Alternative	When to use	Tradeoff
Weighted mean (attention pooling)	Need learned, input-dependent aggregation	Small MLP computes per-token weights; more expressive but adds parameters
Last token pooling	Autoregressive models (GPT-style)	Uses the final non-padding token; natural for causal models where only the last position has seen everything
Multi-head attention pooling (Perceiver)	Need multiple summary vectors	Learned query tokens attend to the sequence; powerful but heavier
No pooling (per-token output)	Token-level tasks (NER, translation)	Keep all T outputs; pooling would destroy the per-token information needed
Concatenation	Very short sequences (2-4 items)	Preserves all information but output size scales with T; only viable for fixed, short lengths

Historical Context

Pooling in neural networks dates to Fukushima’s Neocognitron (1980) and became standard through LeCun’s convolutional networks in the 1990s, where max pooling over local spatial regions provided translation invariance. Global average pooling as a replacement for fully connected layers was proposed by Lin et al. (2014, “Network in Network”) and adopted by GoogLeNet/Inception, dramatically reducing parameter counts.

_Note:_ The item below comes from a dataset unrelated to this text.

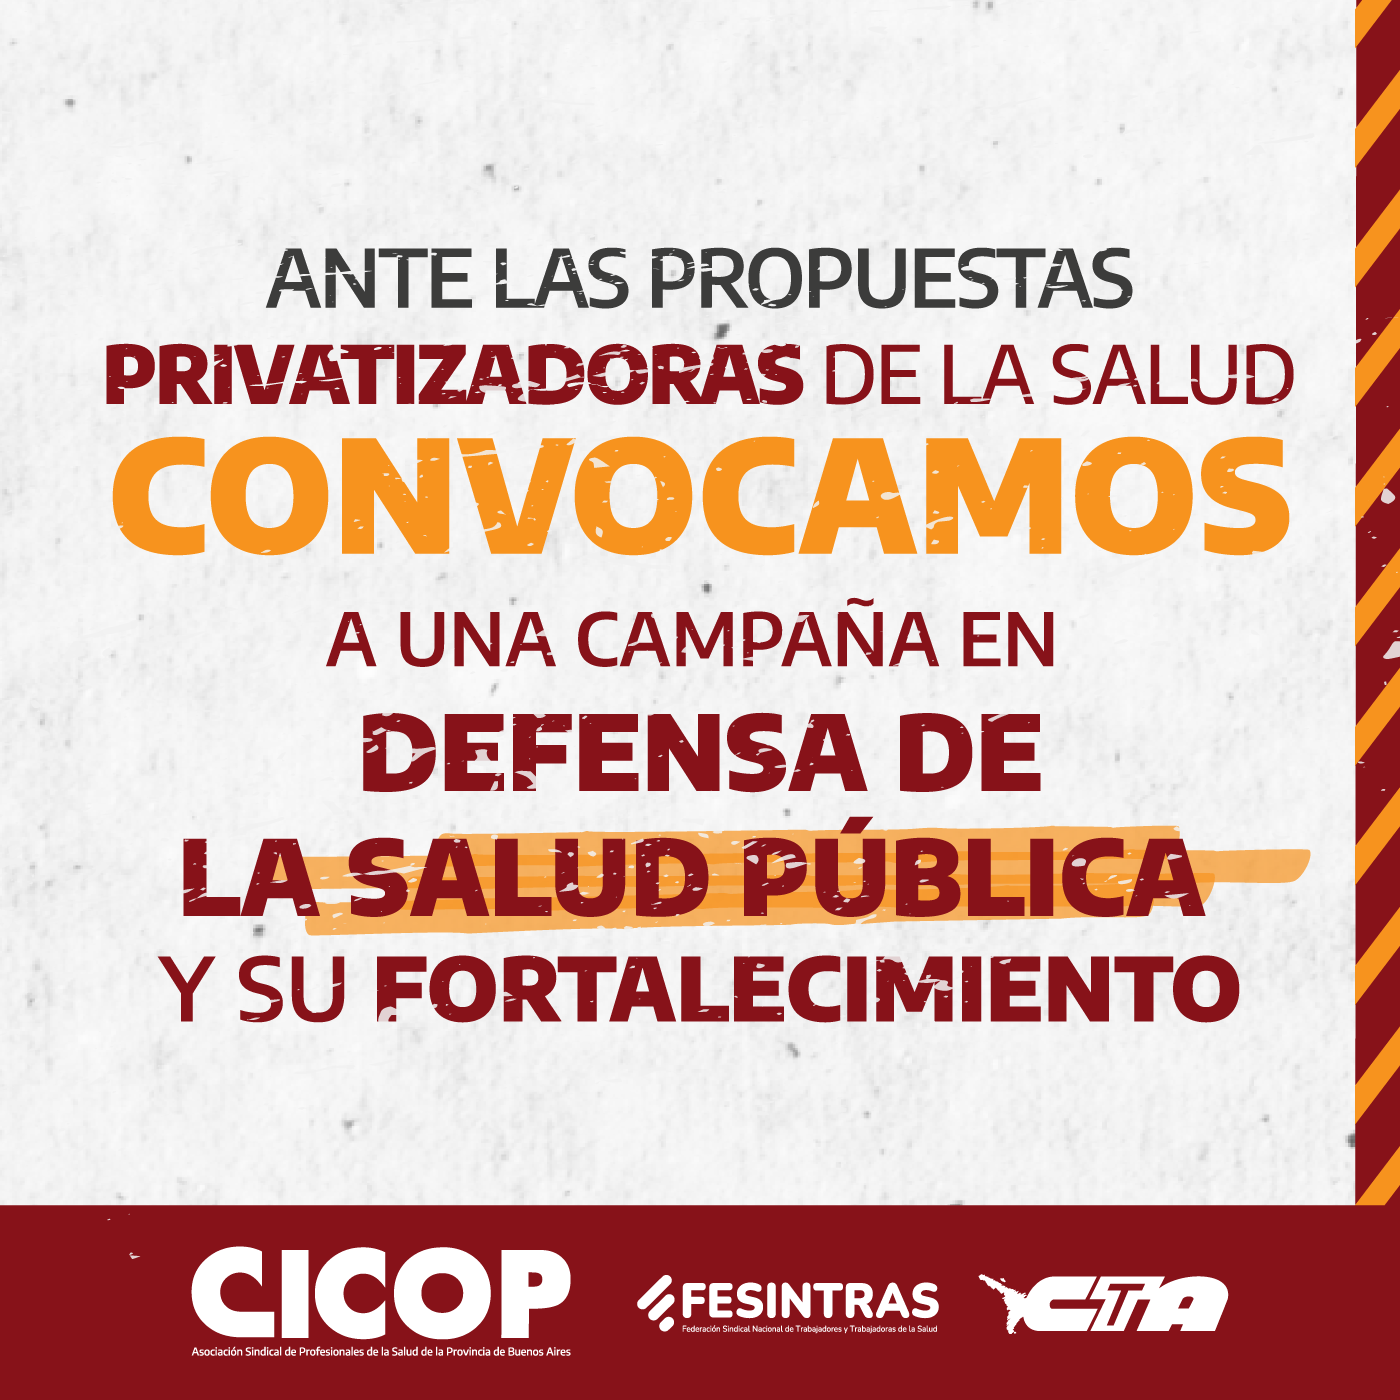 CICOP lanzó una campaña contra las propuestas de privatización del sector público y la eliminación de derechos laborales conquistados

For transformers, CLS token pooling was introduced by BERT (Devlin et al., 2019), borrowing the concept from earlier classification architectures. However, Reimers & Gurevych (2019, “Sentence-BERT”) showed that mean pooling over all tokens significantly outperformed CLS pooling for sentence similarity tasks, likely because CLS is only optimised for the pre-training objective, not for producing a general sentence representation. This finding made mean pooling the default for embedding models, and modern retrieval systems (E5, GTE, Nomic) all use mean pooling.